Do K6 ao K6-3, pouca coisa foi mudada na arquitetura dos processadores AMD. Basicamente foram acrescidas as instruções 3D-now! e foi incluído um cache L2 que trabalha na mesma frequência do processador, sendo o cache encontrado na placa mãe aproveitado na forma de um cache L3. Foram melhoradas também as técnicas de produção, o que permitiu o lançamento de processadores trabalhando à frequências mais altas. O núcleo do processador, assim como o coprocessador aritmético porém, não foram mudados em praticamente nada. Basicamente foram adicionados apenas alguns "acessórios" ao K6, que o tornaram mais rápido.

A maior crítica feita aos processadores AMD, e um dos principais obstáculos a uma maior popularização, sempre foi o seu fraco desempenho em jogos e aplicativos gráficos, devido ao seu lento coprocessador aritmético. Para se ter uma idéia, o coprocessador usado no K6 possui uma arquitetura muito parecida com o coprocessador usado no Intel 486. Apesar de perderem em ponto flutuante, o K5 era quase 20% mais rápido do que um Pentium clássico, o K6 batia um Pentium MMX do mesmo clock e o K6-2 chegava muito perto do Pentium II em aplicativos de escritório, sem contar que estes processadores eram mais baratos que os concorrentes da Intel, só faltava mesmo um coprocessador decente...
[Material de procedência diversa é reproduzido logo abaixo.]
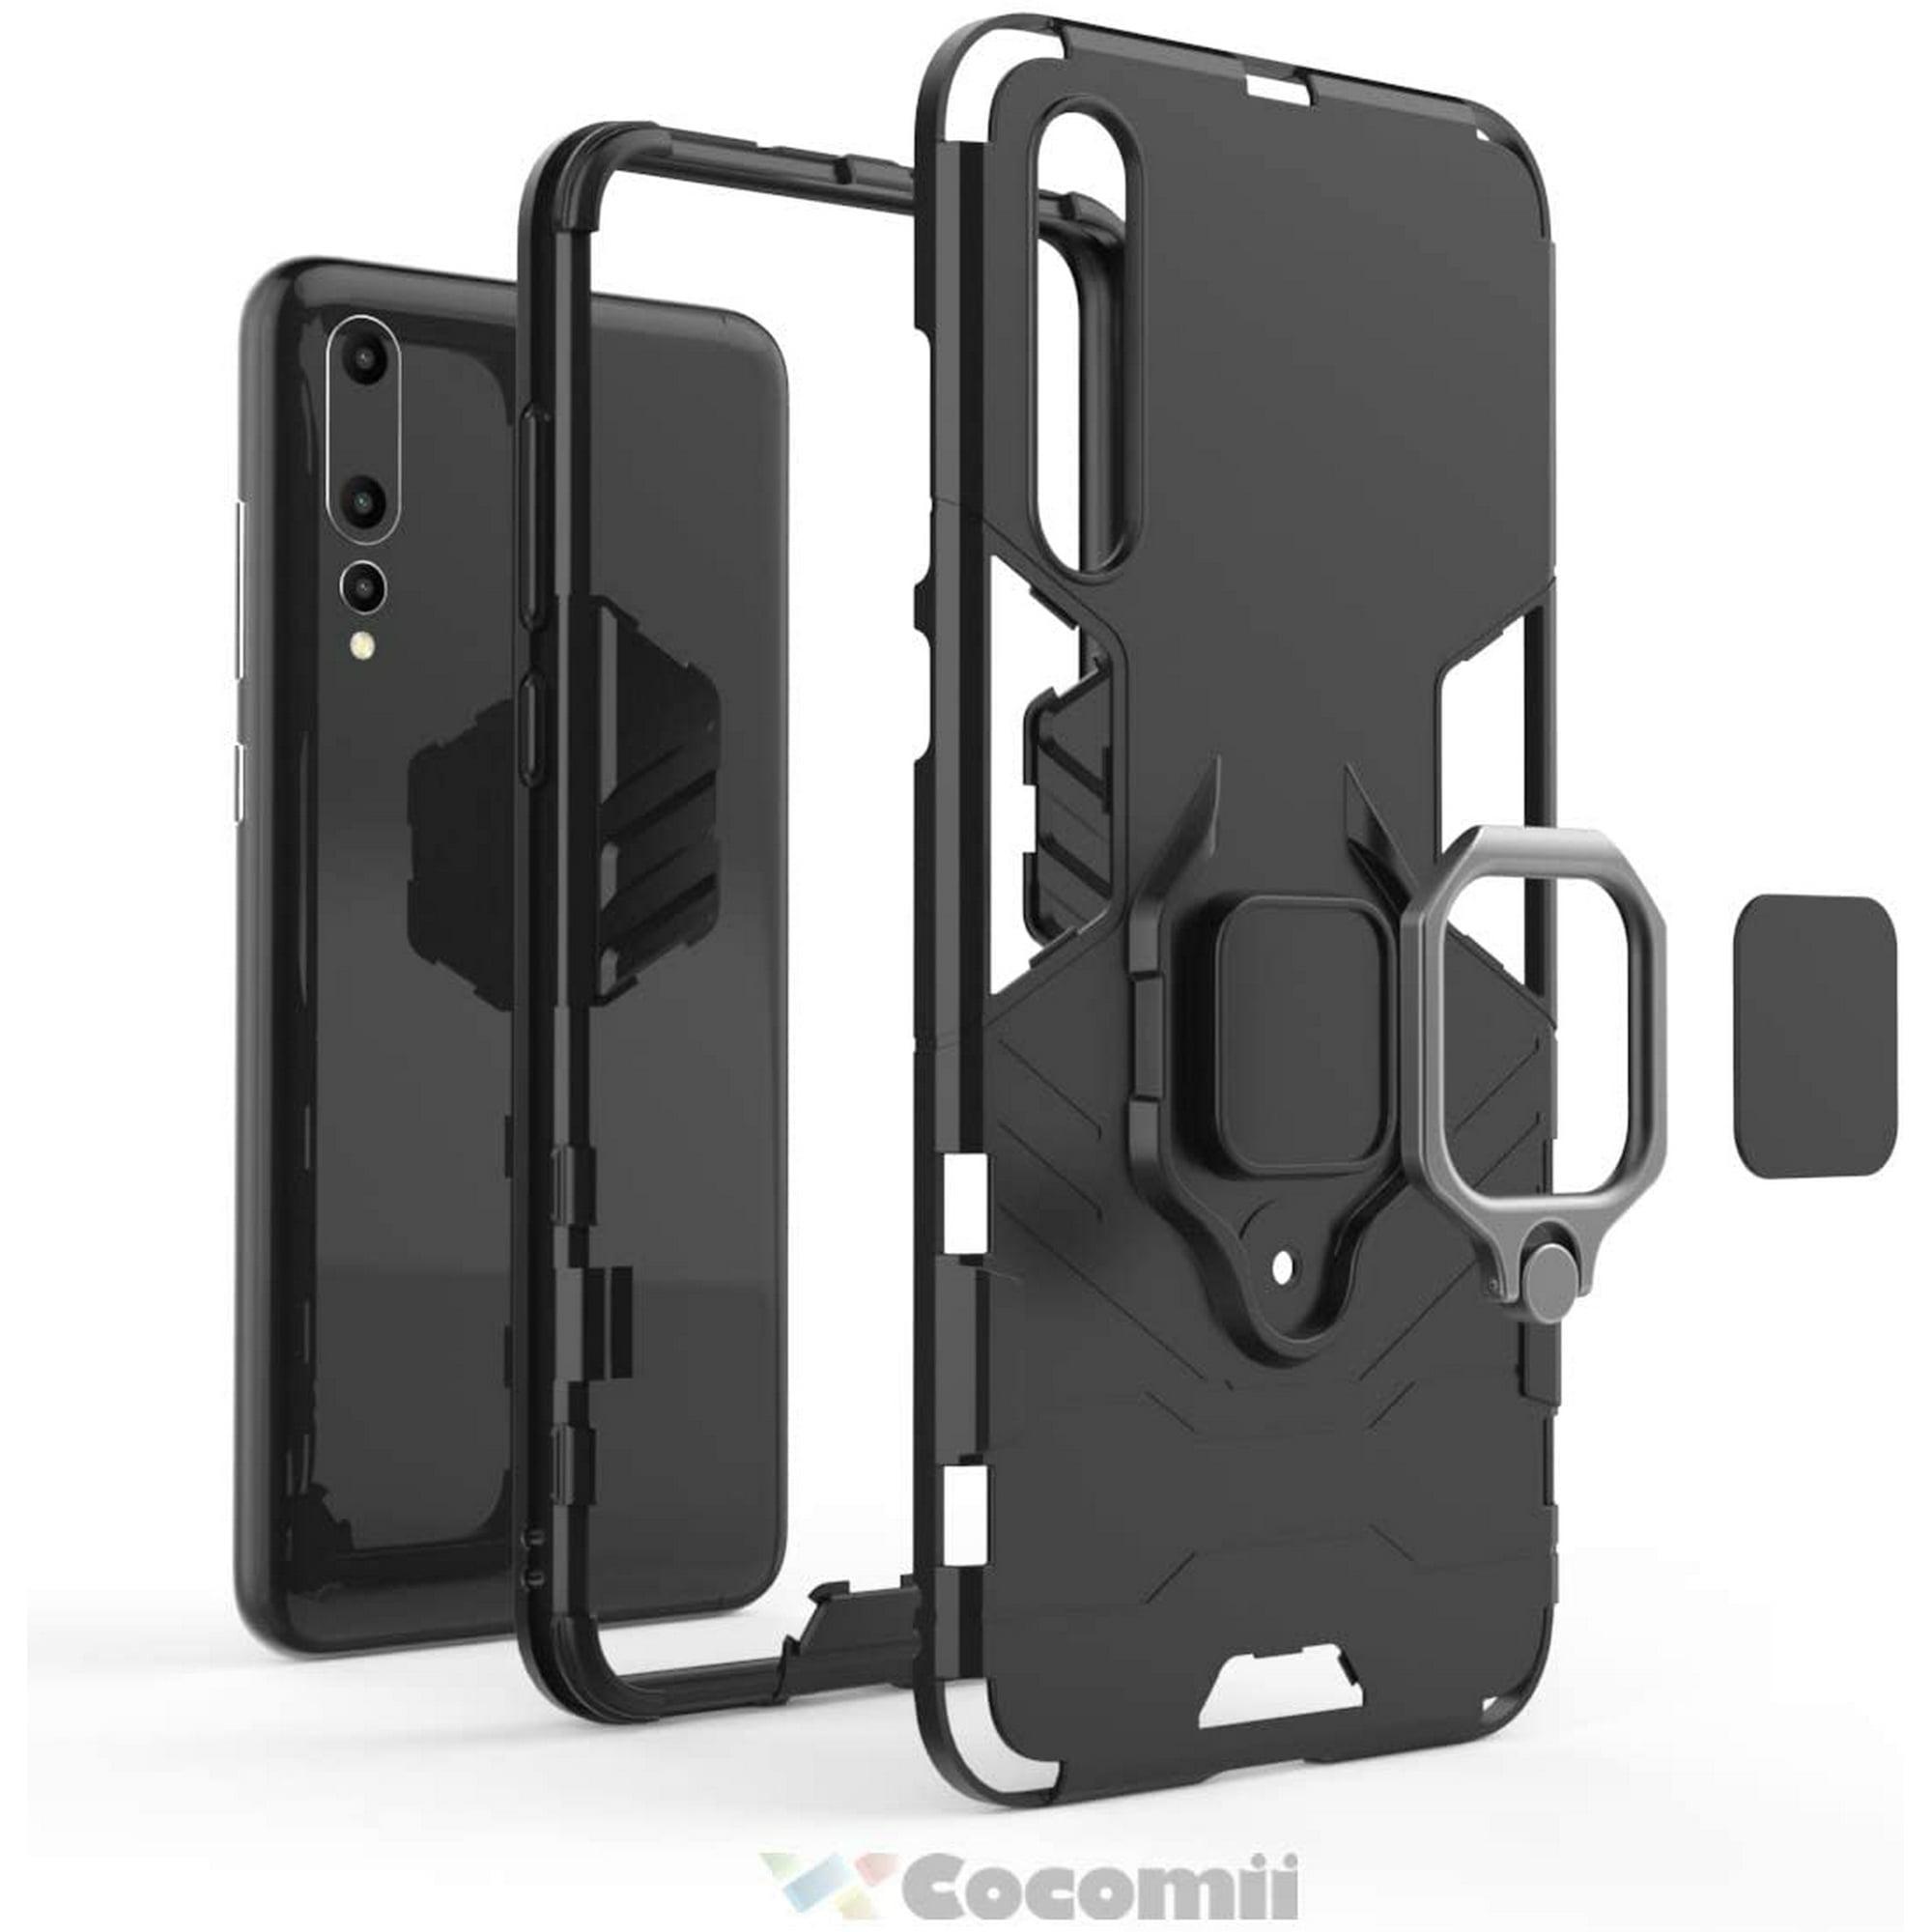 Cocomii Black Panther Ring Huawei P20 Pro Coque Svelte Mince Mat Kickstand Verticale /& Horizontale Poign/ée Annulaire Case Bumper Cover /Étui Housse Compatible with Huawei P20 Pro Jet Black

As instruções 3D-Now!, e o cache L2 embutido ao núcleo do K6-3, foram tentativas de remediar esta deficiência. A AMD sem dúvida conseguiu diminuir a diferença, mas seus processadores continuaram sendo mais lentos.

Lançado no final de Junho, o AMD Athlon, codinome adotado ao invés da sigla "K7" é o contra-ataque da AMD; um processador totalmente novo, que promete um desempenho superior ao dos processadores Intel tanto em aplicações de escritório quanto em aplicativos gráficos.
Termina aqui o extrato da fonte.